In 2017, ‘White Storks’ was temporarily removed from the theatre’s repertoire. The production was so highly charged that the audience would become very emotional, so a slight pause was necessary, the director explains.
February 2017 saw the premiere of ‘The Eagle’s Nest’ at the Gabriel Sundukyan National Academic Theatre. The production marked 25 years of war and independence in Nagorny Karabakh.
Based on a play of the same name by Hrach Beglaryan, the production was directed by David Harutyunyan.
In the theatre’s repertoire to this day, ‘The Eagle’s Nest’ always sees a full house. The troupe has also taken it to Nagorny Karabakh and to various regions of Armenia.
The events unfold in the village of Karakap in Nagorny Karabakh. Situated near the border, the village sees violent clashes. The main heroine, 80-year-old Amay, is forced to look on as young men are wounded and lose their lives.
The actor Lernik Harutyunyan plays a sharpshooter from the Tavush Province, Margar. At the end of the play, Margar loses his life.
‘We may sigh and complain, but at the end of the day, when the time comes we stand firm for our motherland, protecting our borders. This is the patriotic stance that the play conveys to the viewer,’ Lernik Harutyunyan says.
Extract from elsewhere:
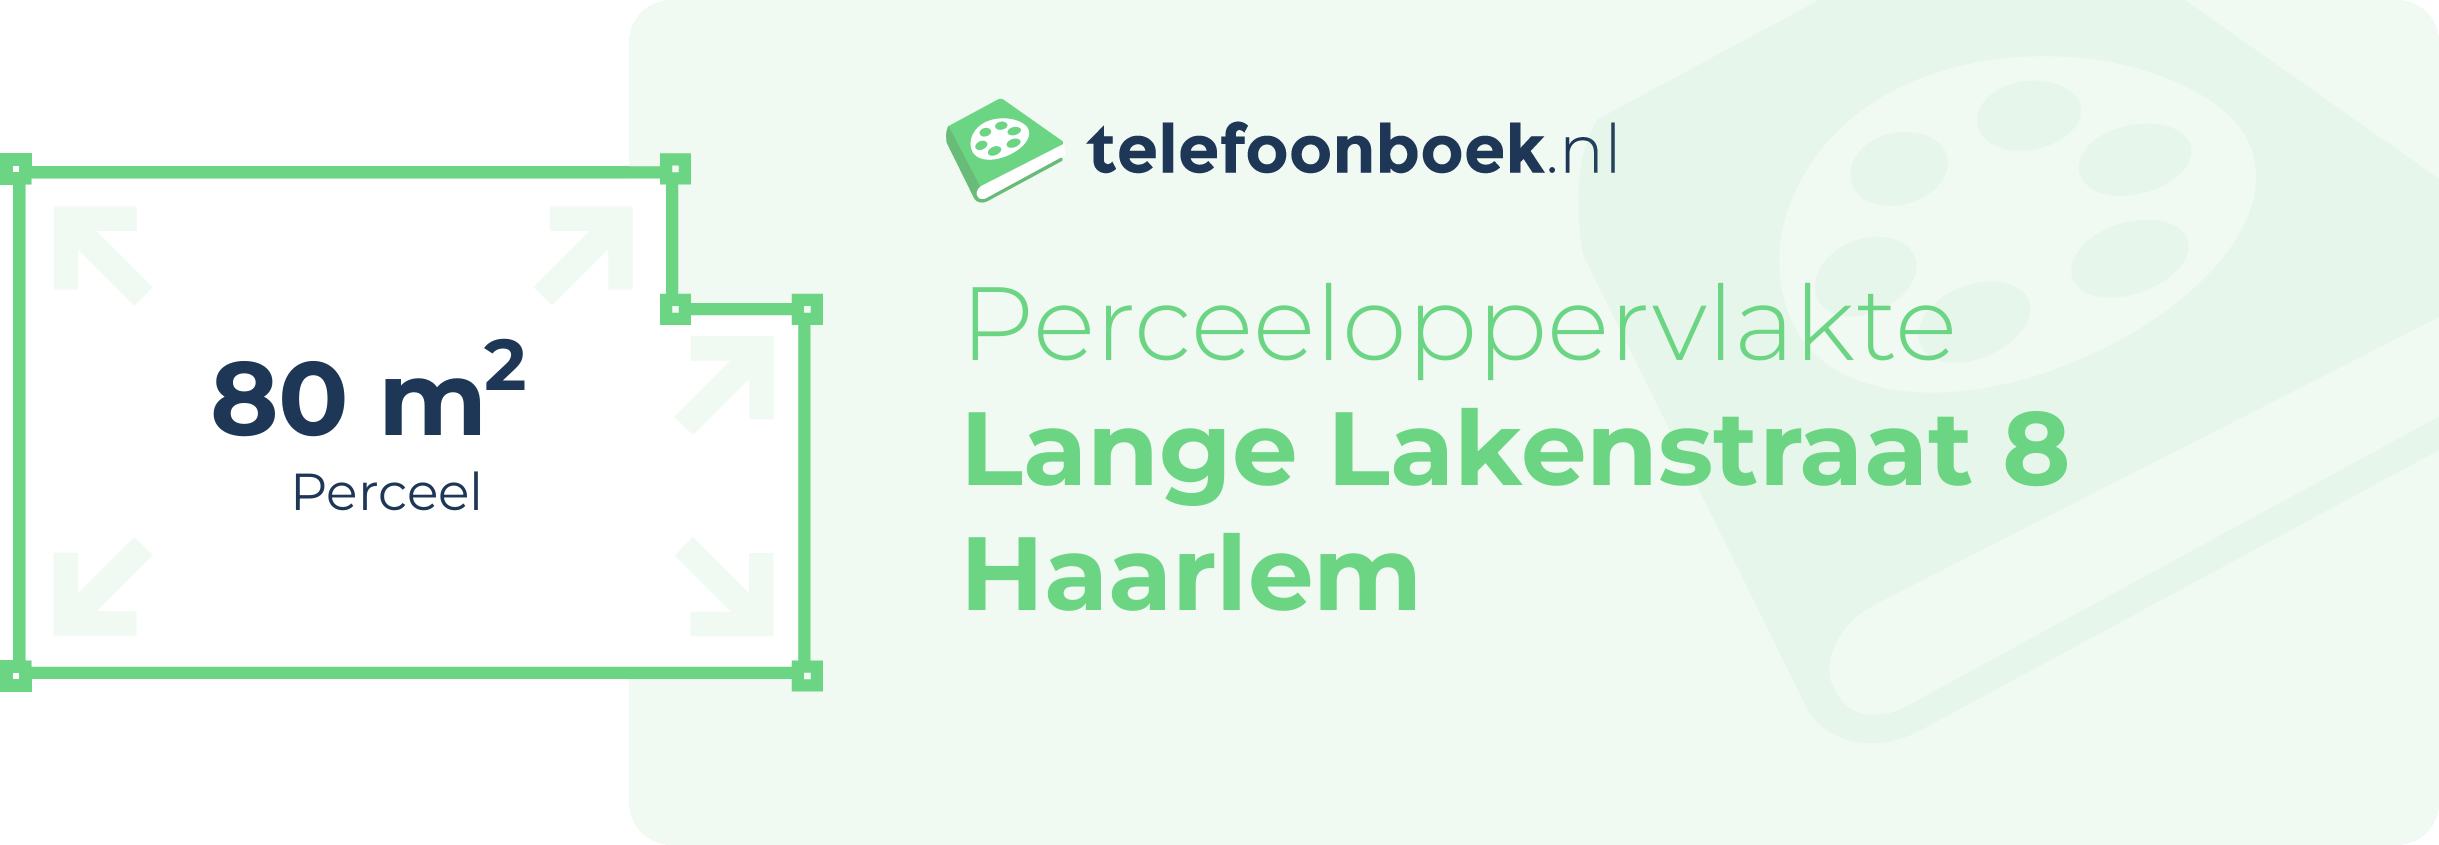 Perceeloppervlakte Lange Lakenstraat 8 Haarlem

Theatre critic Tigran Martirosyan feels that staging plays about the conflict in Nagorny Karabakh is clearly necessary, but one must be sensitive about how exactly this is done.
When asked about ‘The Eagle’s Nest’, the theatre critic offered a damning opinion of both the initial play, and the subsequent production.
‘As soon as a theatre decides to start trading in propaganda, it becomes provincial. An audience that watches a play like this will not be convinced by what it sees, by the events portrayed. This is deliberate affectation, pseudo-patriotism,’ Tigran Martirosyan insists.
Turning to Narine Grigoryan’s ‘My Family In My Suitcase’, the theatre critic praised several aspects of the solo performance.
‘The actress tells her story without any hatred. Furthermore, she even introduces elements of self-irony. For instance, in the house-cleaning scene, when the heroine exclaims “Who are we doing this tidying for? For the Turks?” This is utter self-irony, and the viewer finds it appealing. Viewers are not left with a sense of toxic emotional tension. Long-standing hatred is bad for one’s inner world, after all,’ the theatre critic explains.